最近進(jìn)行 HBase 表跨集群遷移鸟妙，使用組內(nèi)同事給的方案 : bulkload谆棱，但是 bulkload 完之后出現(xiàn)了一系列預(yù)料之外的問題，記錄如下：

hbase 表跨集群遷移步驟

目標(biāo)集群創(chuàng)建 HBase 表圆仔，未進(jìn)行預(yù)分區(qū)垃瞧；
源集群 hbase 表對應(yīng)的 hdfs 路徑創(chuàng)建 snaphost ，注意此 snapshot 是 hdfs snaphost坪郭；
distcp 拷貝 hdfs 快照數(shù)據(jù)到目標(biāo)集群
目標(biāo)集群遍歷拷貝數(shù)據(jù)目錄个从，逐個 bulkload 到 hbase

問題

bulkload 結(jié)束后，這張 700 億行的大表歪沃，只有一個 region嗦锐，花了近一周的時間 minor compaction，region split 好沪曙；

原先以為奕污，拷貝的數(shù)據(jù)里面除了列族數(shù)據(jù)，還包含 region 信息（/region_id/.regioninfo）液走，本來以為 bulkload 會自動處理 region碳默，通過了解了一番源碼發(fā)現(xiàn)贾陷，事情并非如此。

源碼分析 bulkload 過程

1 初始化一個線程池嘱根，線程池 corePoolSize 來源于參數(shù)配置 hbase.loadincremental.threads.max髓废，如果未配置，默認(rèn)取 jvm 可以用到的處理器的個數(shù)（Runtime.getRuntime().availableProcessors()）该抒。

2 遍歷搜索過濾出 HFile 文件：遍歷目錄慌洪，搜索 hfile。途中經(jīng)過一系列校驗(yàn)凑保，判斷是否有 families冈爹，family name 是否合法性，跳過非 hfile 文件欧引，例如 _ 開頭的文件频伤，引用，HFileLink维咸，最后判斷 HFile 格式的有效性。

掃描過程中會檢查 HFile 文件的大小是否超出 region 大小的閾值（hbase.hregion.max.filesize惠爽，未配置的話默認(rèn)是 10G）癌蓖，如果超出閾值，會打印提示這可能會導(dǎo)致出現(xiàn) oversplitting 的問題婚肆。

將遍歷后的 hfile 以對象 LoadQueueItem(byte[] family, Path hfilePath) 的方式放入隊(duì)列：Deque租副。

這一步就把 .regioninfo 就排除掉了，所以這個拷貝過來的 region 信息對于 bulkload 是無用了较性。

famliy 存在性校驗(yàn)：再經(jīng)過一次篩選用僧，判斷是否有獲取到的 family 是否是即將導(dǎo)入 HBase 表中的 family。

3 groupOrSplitPhase 階段

這個階段判斷 hfile 判斷應(yīng)該寫到表的哪個 region赞咙，如果跨 region 了责循，需要進(jìn)行 split。
獲取當(dāng)前表所有 region 的 startkeys endkeys

final Pair<byte[][], byte[][]> startEndKeys = regionLocator.getStartEndKeys();

拿到即將導(dǎo)入的 hfile 的 startkey攀操，通過二分查找算法在 startkey 列表里面搜索院仿，如果搜到匹配的 startkey 直接返回?cái)?shù)組索引值，沒搜到速和，返回插入點(diǎn)歹垫，插入點(diǎn)是第一個大于值的索引位置。

int idx = Arrays.binarySearch(startEndKeys.getFirst(), first,
        Bytes.BYTES_COMPARATOR);
    if (idx < 0) {
      // not on boundary, returns -(insertion index).  Calculate region it
      // would be in.
      idx = -(idx + 1) - 1;
    }
final int indexForCallable = idx;

通過這個索引值颠放，判斷是否有跨 region 的 hfile排惨，有的話需要 split。

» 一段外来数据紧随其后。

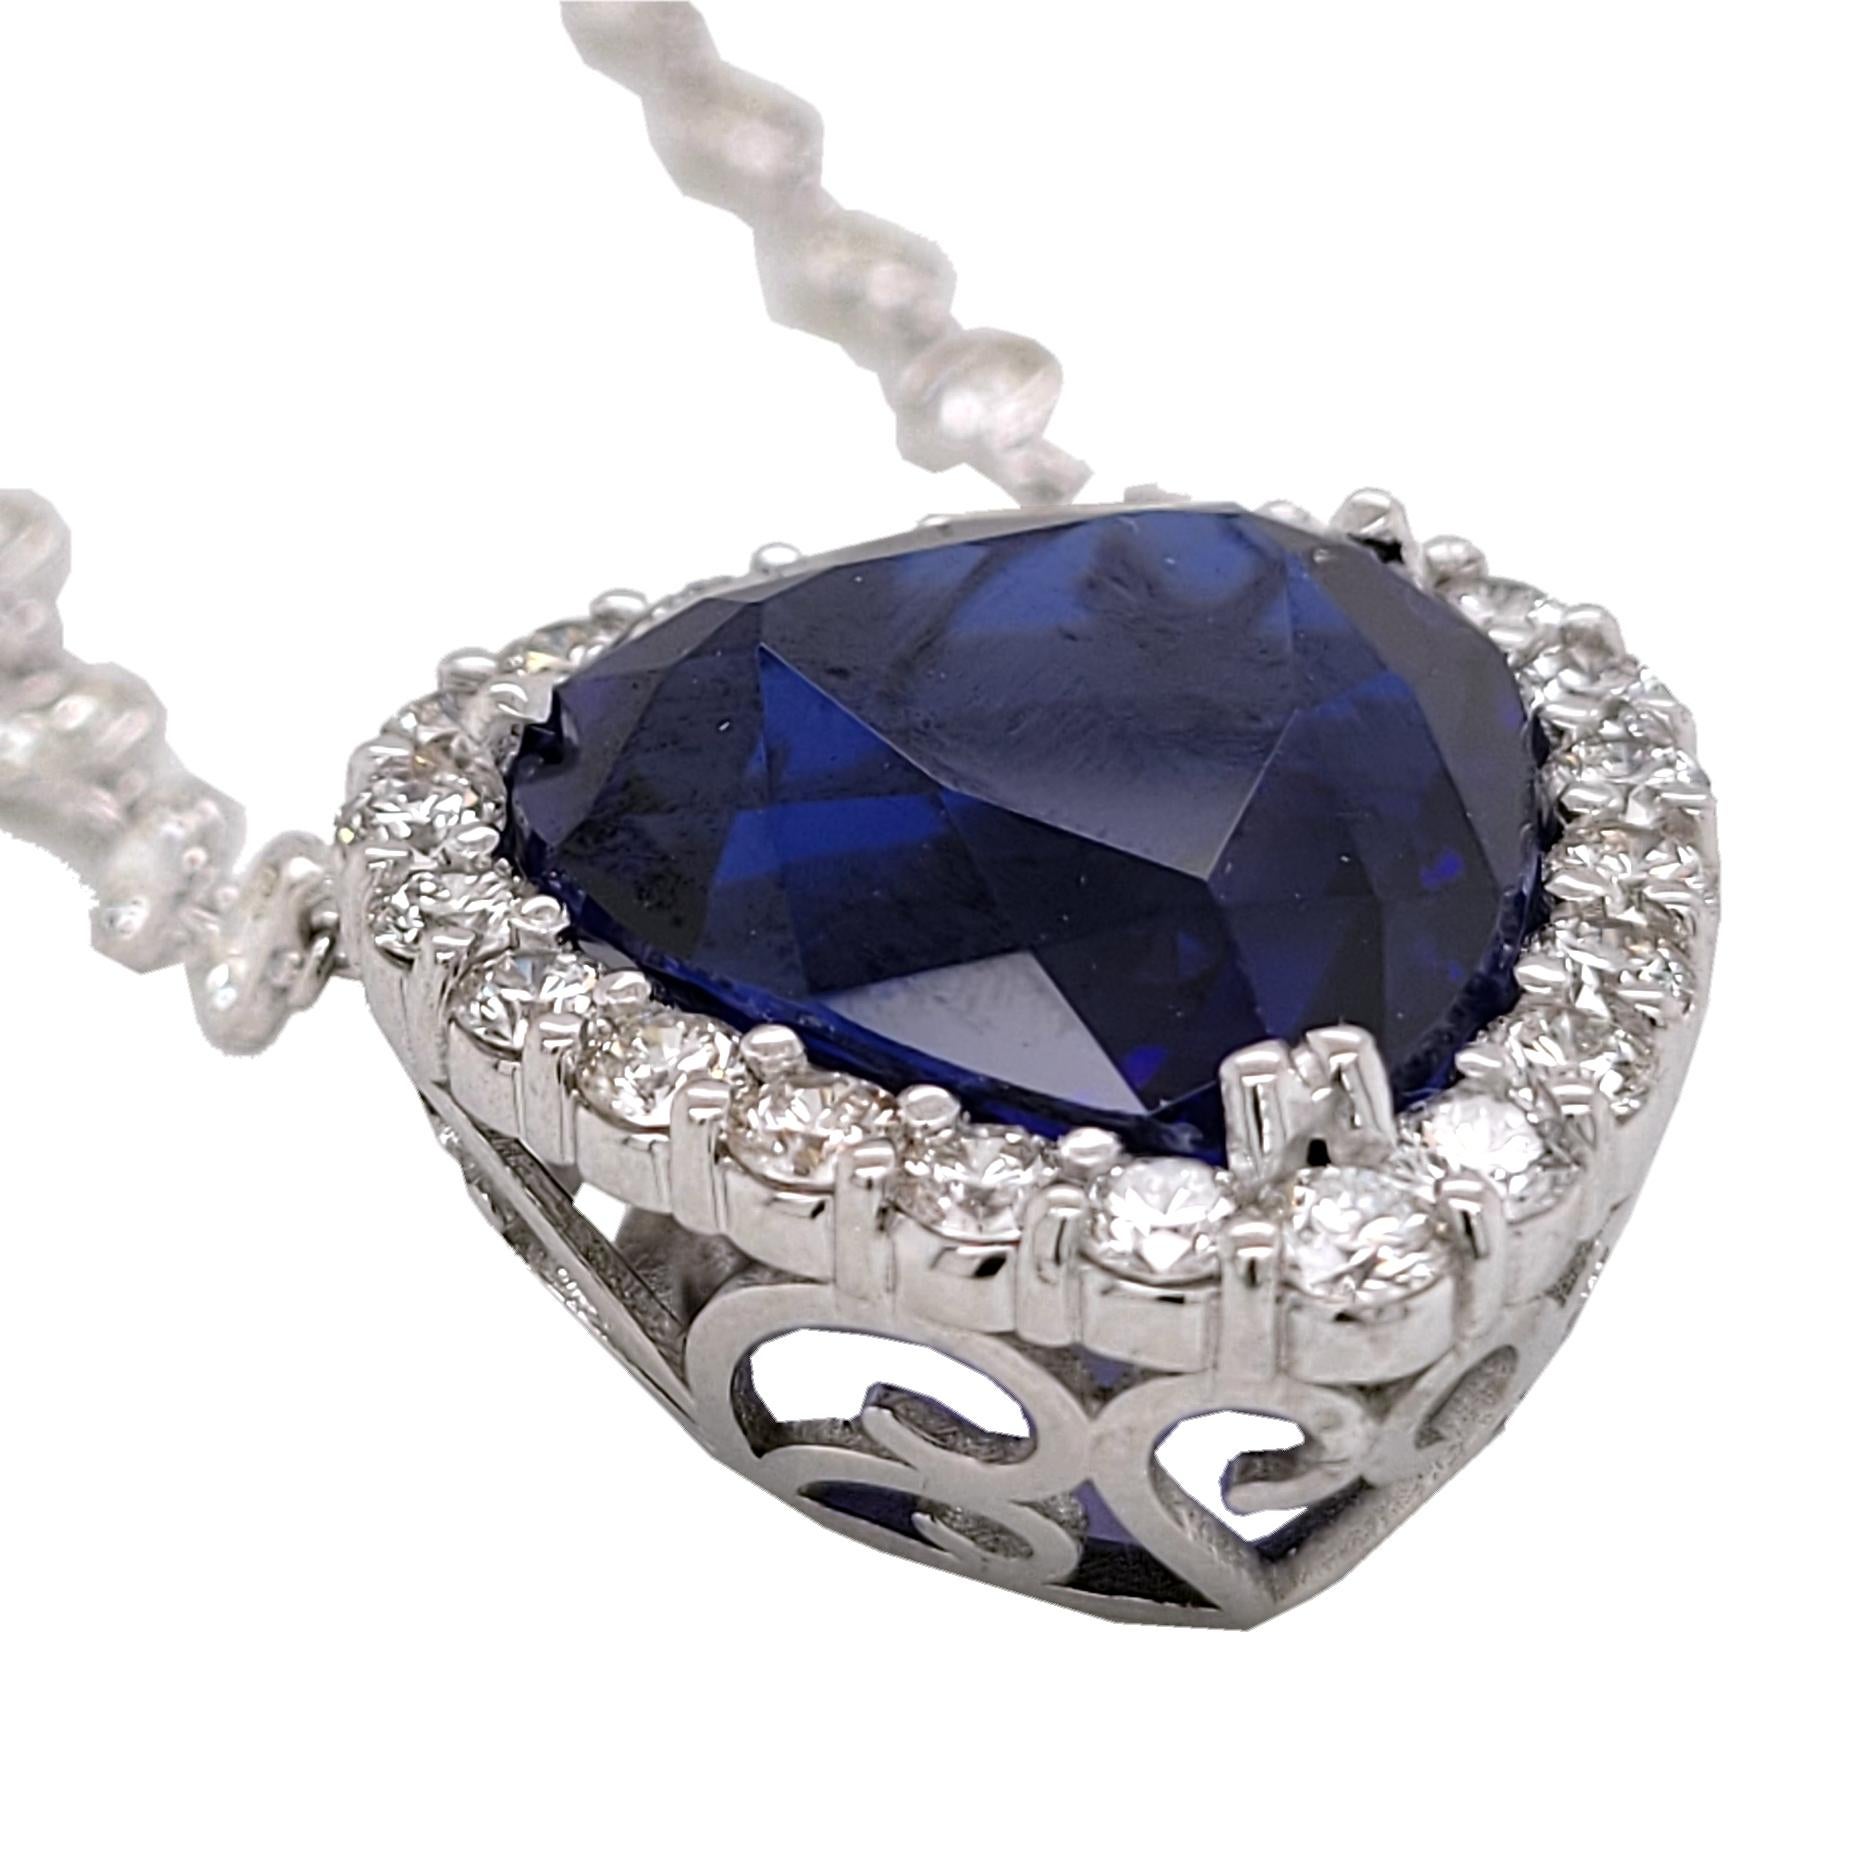 This Beautiful 22.73 Ct Heart Shape Tanzanite is set in a beautiful hand crafted Hear shape Pendant with Halo (with 22 perfectly matched 2.7 mm Round Brilliant diamond) hanging on a 16 inch diamond by the Yard Necklace with 53 Perfectly matched 2.8

怎么判斷是否不需要 split碰凶，也就是有合適的 region暮芭，滿足其中兩個條件之一即可：

hfile 的 endkey 小于表 region 的 endkey
表 region endeky 為空鹿驼，說明是最后一個 region ，理所當(dāng)然可以寫入

boolean lastKeyInRange =
      Bytes.compareTo(last, startEndKeys.getSecond()[idx]) < 0 ||
      Bytes.equals(startEndKeys.getSecond()[idx], HConstants.EMPTY_BYTE_ARRAY);
    if (!lastKeyInRange) {
      // split key 即為匹配 region 的 endkey
      List<LoadQueueItem> lqis = splitStoreFile(item, table,
          startEndKeys.getFirst()[indexForCallable],
          startEndKeys.getSecond()[indexForCallable]);
      return lqis;
    }

    // group regions.
    regionGroups.put(ByteBuffer.wrap(startEndKeys.getFirst()[idx]), item);

LOG.info("HFile at " + hfilePath + " no longer fits inside a single " +
"region. Splitting...");

拆分是把當(dāng)前 HFile 拆分成兩半谴麦，top 和 bottom 兩部分蠢沿，保留元數(shù)據(jù)，重建 bloom 過濾等匾效，生成新的 HFile 舷蟀，拆分策略是：根據(jù)匹配 region 的 endkey 的位置拆分成兩個。

/**
   * Split a storefile into a top and bottom half, maintaining
   * the metadata, recreating bloom filters, etc.
   */
  static void splitStoreFile(
      Configuration conf, Path inFile,
      HColumnDescriptor familyDesc, byte[] splitKey,
      Path bottomOut, Path topOut) throws IOException
  {
    // Open reader with no block cache, and not in-memory
    Reference topReference = Reference.createTopReference(splitKey);
    Reference bottomReference = Reference.createBottomReference(splitKey);

    copyHFileHalf(conf, inFile, topOut, topReference, familyDesc);
    copyHFileHalf(conf, inFile, bottomOut, bottomReference, familyDesc);
  }

bulkLoadPhase：bulkload 階段

計(jì)算出 region 信息之后面哼，就是正式的 load 階段野宜，最終定位到 HStore 里面的 bulkLoadFile 方法

通過 StoreFile reader 讀取 StoreFile ，獲取寫鎖魔策，往 storefile 中新增數(shù)據(jù)匈子。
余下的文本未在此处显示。